Константин Константинович собрался уже было ответить на вопрос, как вдруг молоденький, похожий на мальчишку, младший лейтенант, тоже присел, внимательно вгляделся в полковника, затем быстро вскочил на ноги и бросил руку к пилотке:

— Младший лейтенант Драбодай! Я вас знаю, товарищ полковник. Нас здесь сорок семь человек. Из частей генерала товарища Морозко и генерала Самойлова. Генерал товарищ Морозко убит, насчет генерала товарища Самойлова ничего не известно. Наверное, тоже погиб… Какие будут указания, товарищ полковник?

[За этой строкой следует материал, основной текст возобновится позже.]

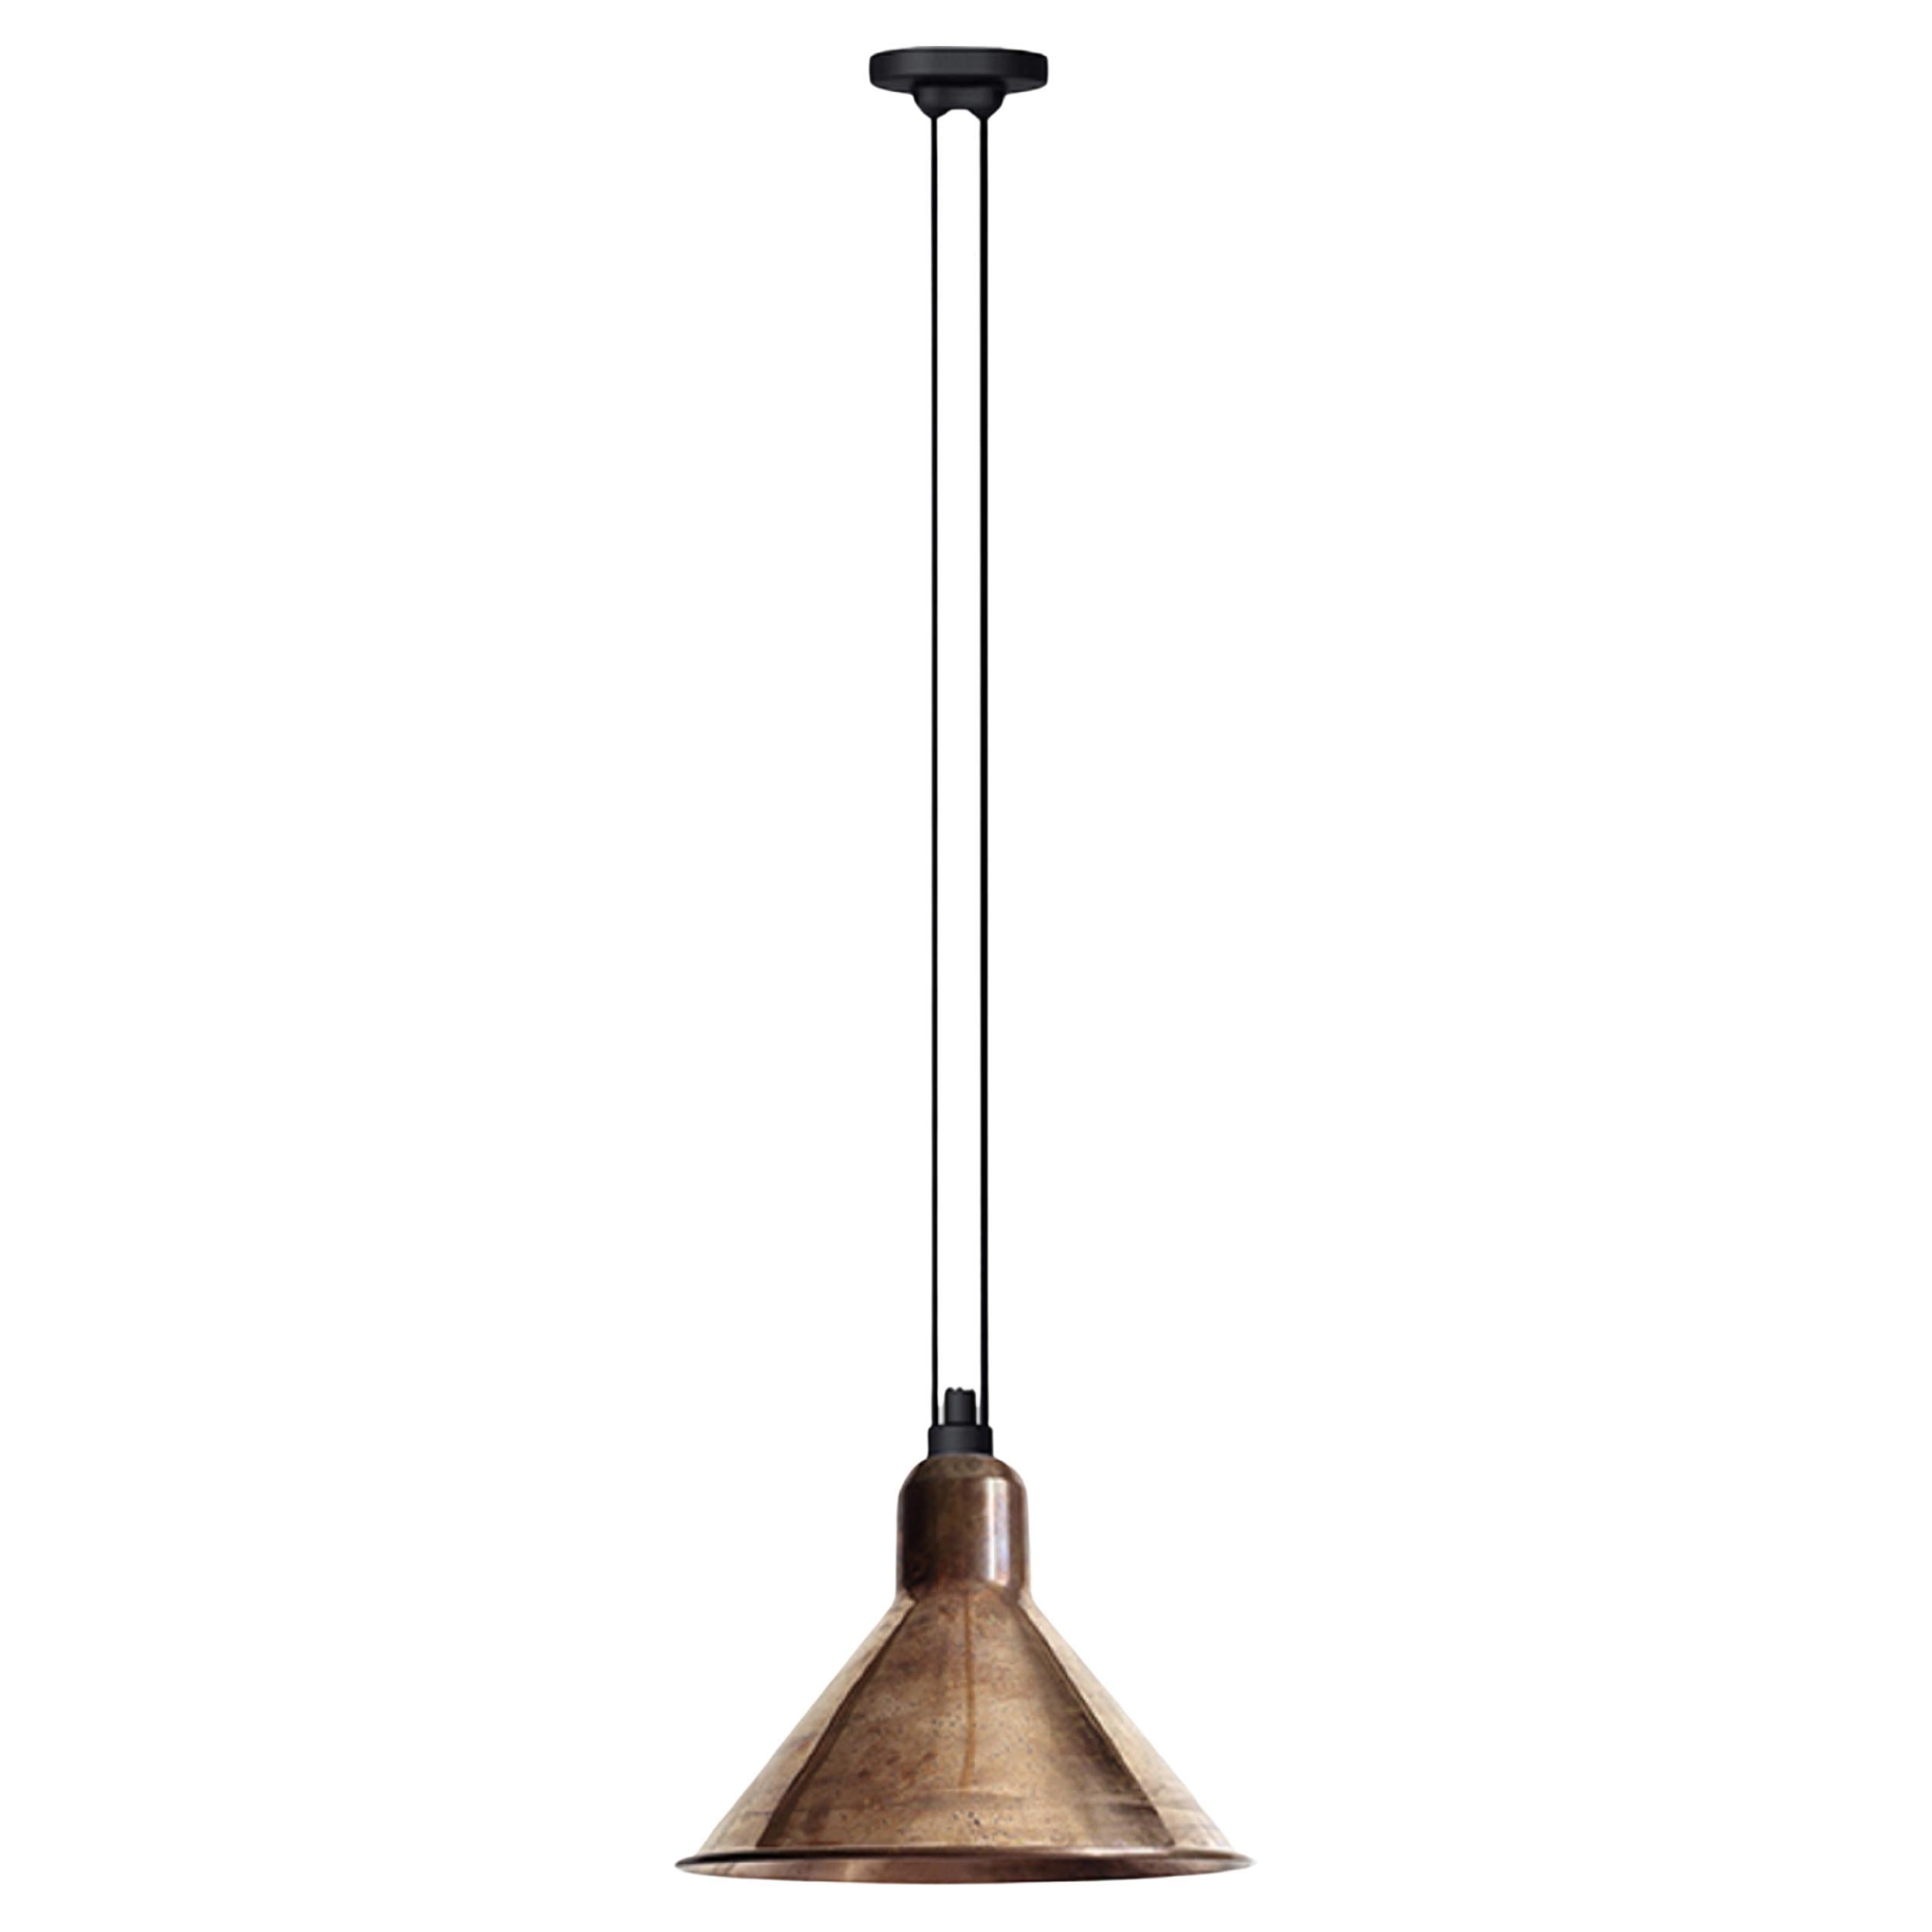 DCW Editions Les Acrobates N°322 XL Conic Pendant Lamp in Raw Copper Shade

— Указания? — Константин Константинович слабо улыбнулся. — Какие же я могу дать тебе сейчас указания, младший лейтенант? Самое главное — по возможности, разведать обстановку, чтобы не наткнуться на немцев. Понятно? Организовать, тоже по возможности, питание бойцов… А дальше… Дальше у нас будет одна задача: выйти к своим, соединиться с какой-нибудь частью. Или с партизанами, если они тут есть. Ну, а в первую очередь — похоронить наших погибших товарищей. На плотике они, рядом…

Так началась еще одна страница в жизни полковника Константина Константиновича Строгова. И хотя он не раз думал о том, что страница эта будет далеко не радостной, все же Константин Константинович не мог даже предположить, что она принесет ему столько душевных мук и столько нравственных страданий. — Только через месяц его, больного и измученного лихорадкой, вывезут на самолете на «большую землю», и вот там-то начнется самое страшное. Проверка за проверкой, одно подозрение оскорбительнее другого, тягчайшие обвинения в трусости, в паникерстве, в растерянности, которые привели в гибели сотен людей и в результате — капитан Константин Константинович Строгов становится командиром стрелковой роты, и строго предупреждается, что если он в ближайшее время не смоет свой позор выдающимися подвигами, к нему будут применены самые крутые меры.

3

А летчик Валерии Строгов — сидя на парашютной сумке, пел под гитару:

Рассажу чудный сад над Кубанью,

В том саду будет петь соловей…

Василь Иваныч Чапанин, дымя папиросой, сказал:

— И под душистою веткой сирени Генка Шустиков день и ночь будет все нежней и нежней целовать свою любимую. Правильно я говорю, Генка?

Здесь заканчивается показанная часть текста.